What the exercise asks:
Using the listing below, reproduce exactly the lines from the one with "ساعت مچی عقربه" through the last, with all pictures left out.

Collected material:
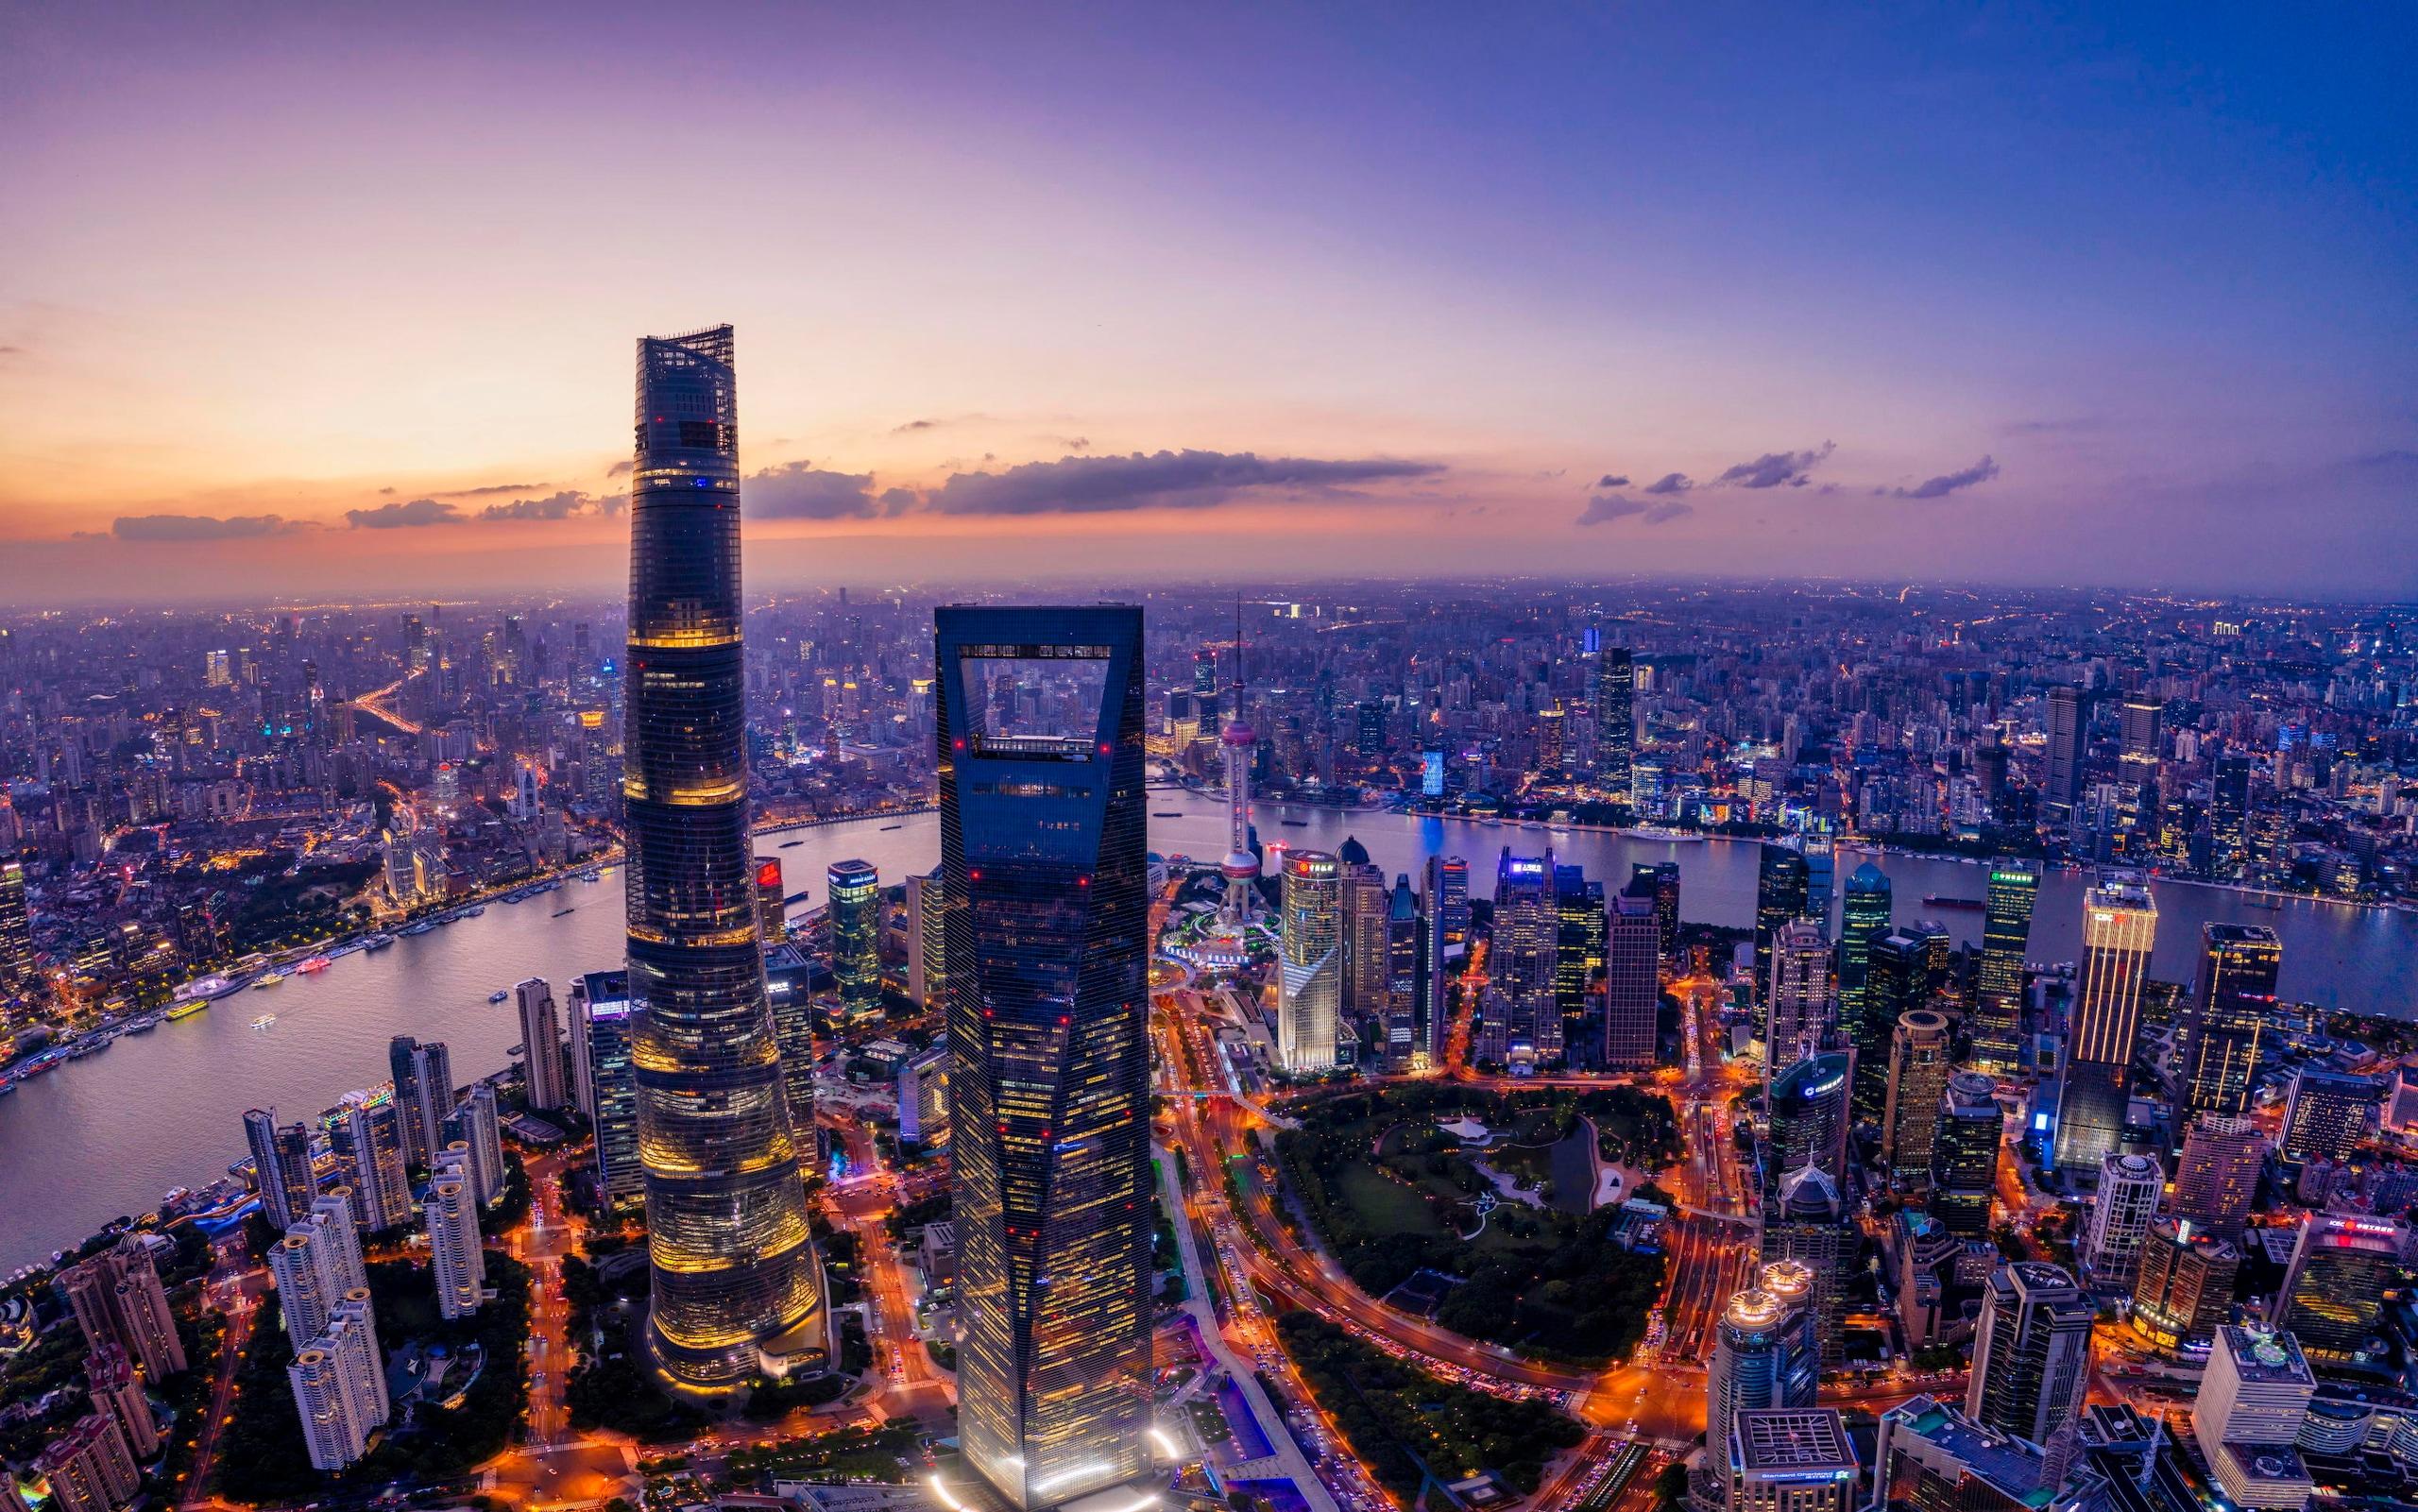 035704716 c3bad35e 8eeb 40bc a623 6929180116a3 - Borsa: Shanghai, apertura in rialzo
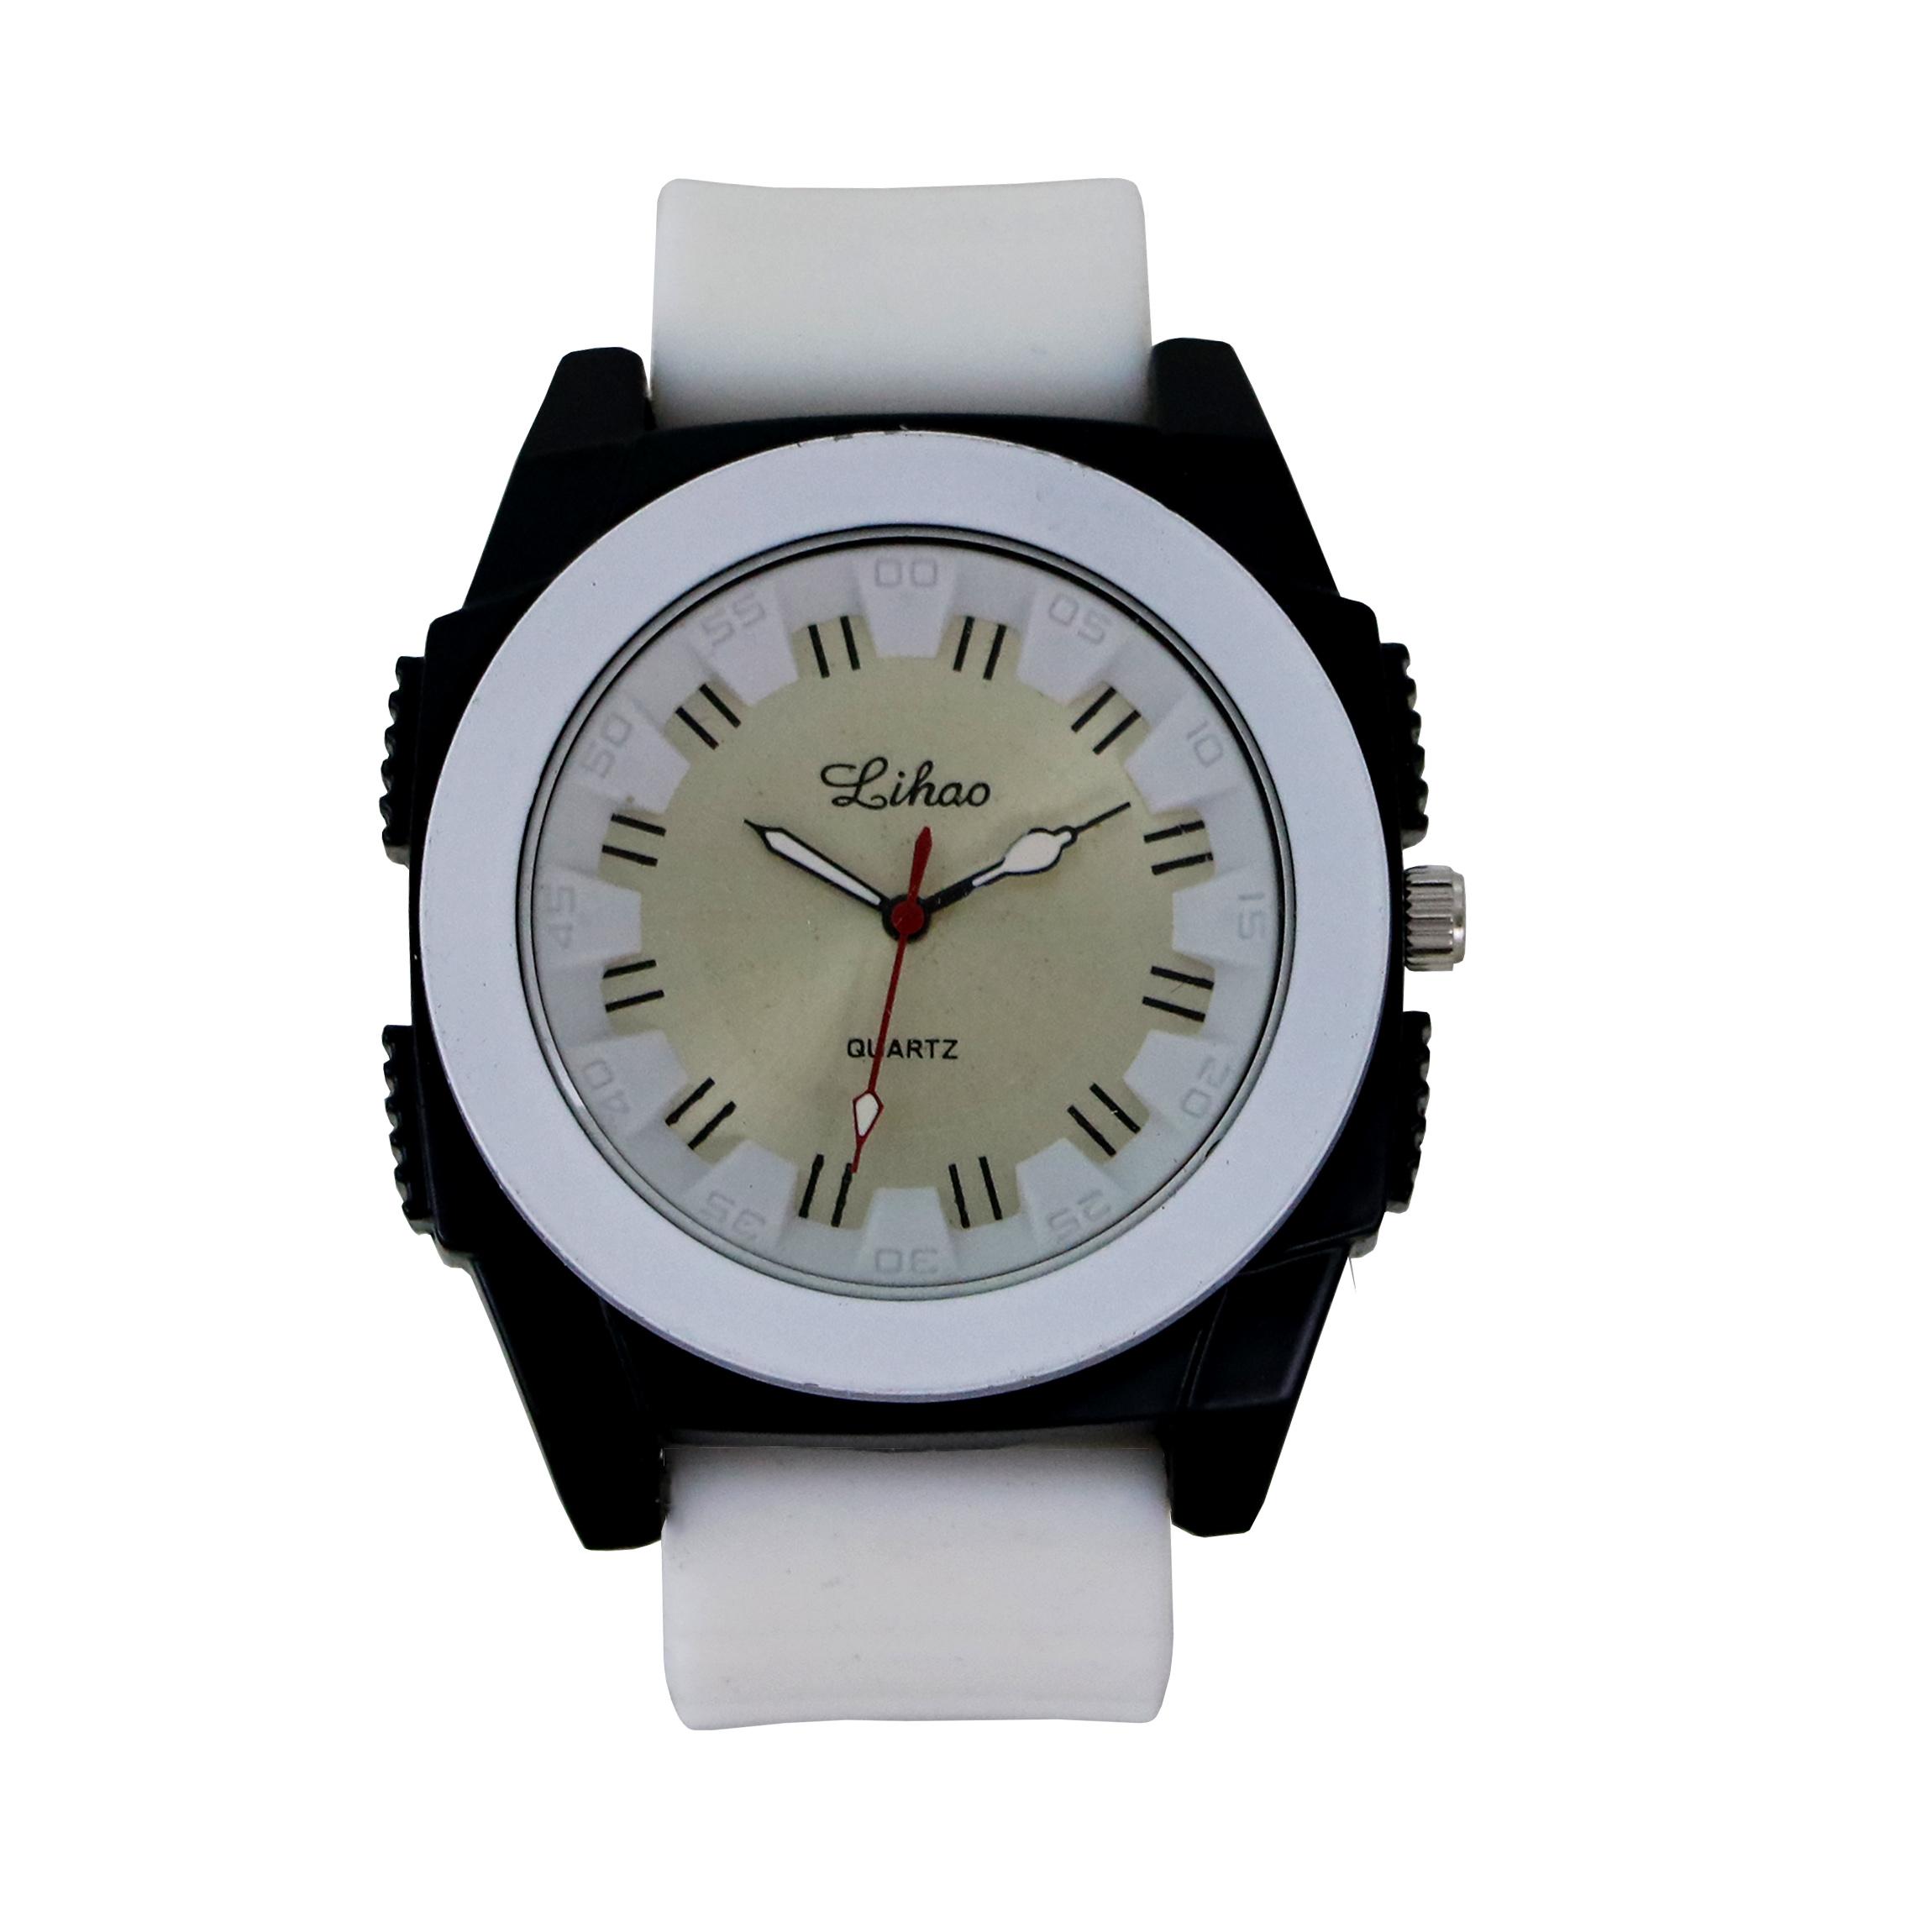 ساعت مچی عقربه ای مردانه لی هاو کد mw803              خرید (⭐️⭐️⭐️)
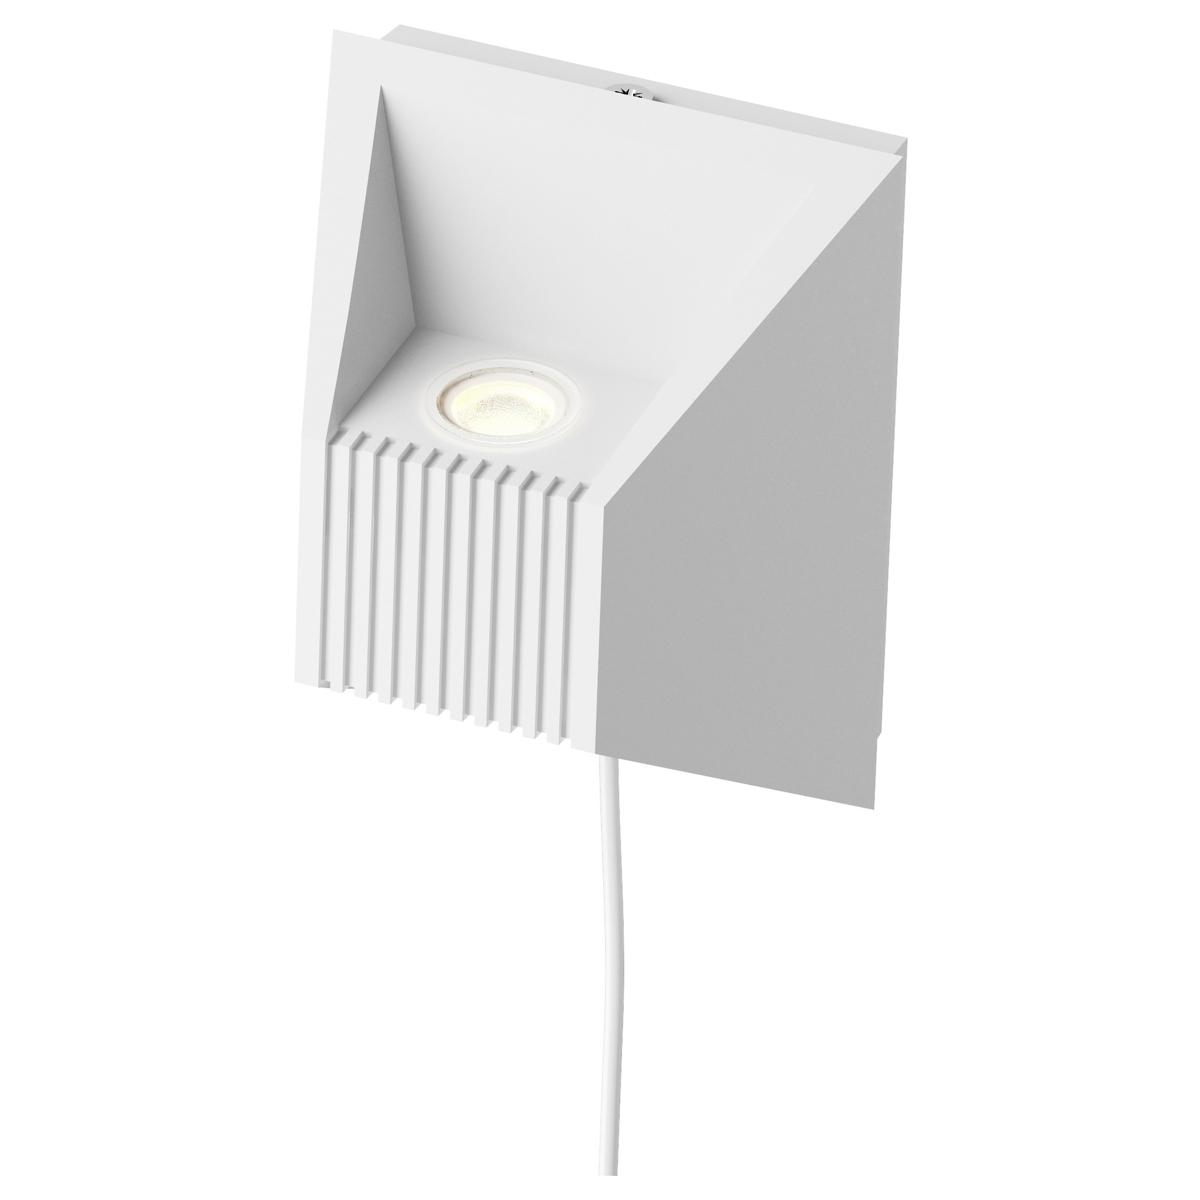 lámparas para el dormitorio - mod. VIKT

Output of the exercise:
 ساعت مچی عقربه ای مردانه لی هاو کد mw803              خرید (⭐️⭐️⭐️)
 lámparas para el dormitorio - mod. VIKT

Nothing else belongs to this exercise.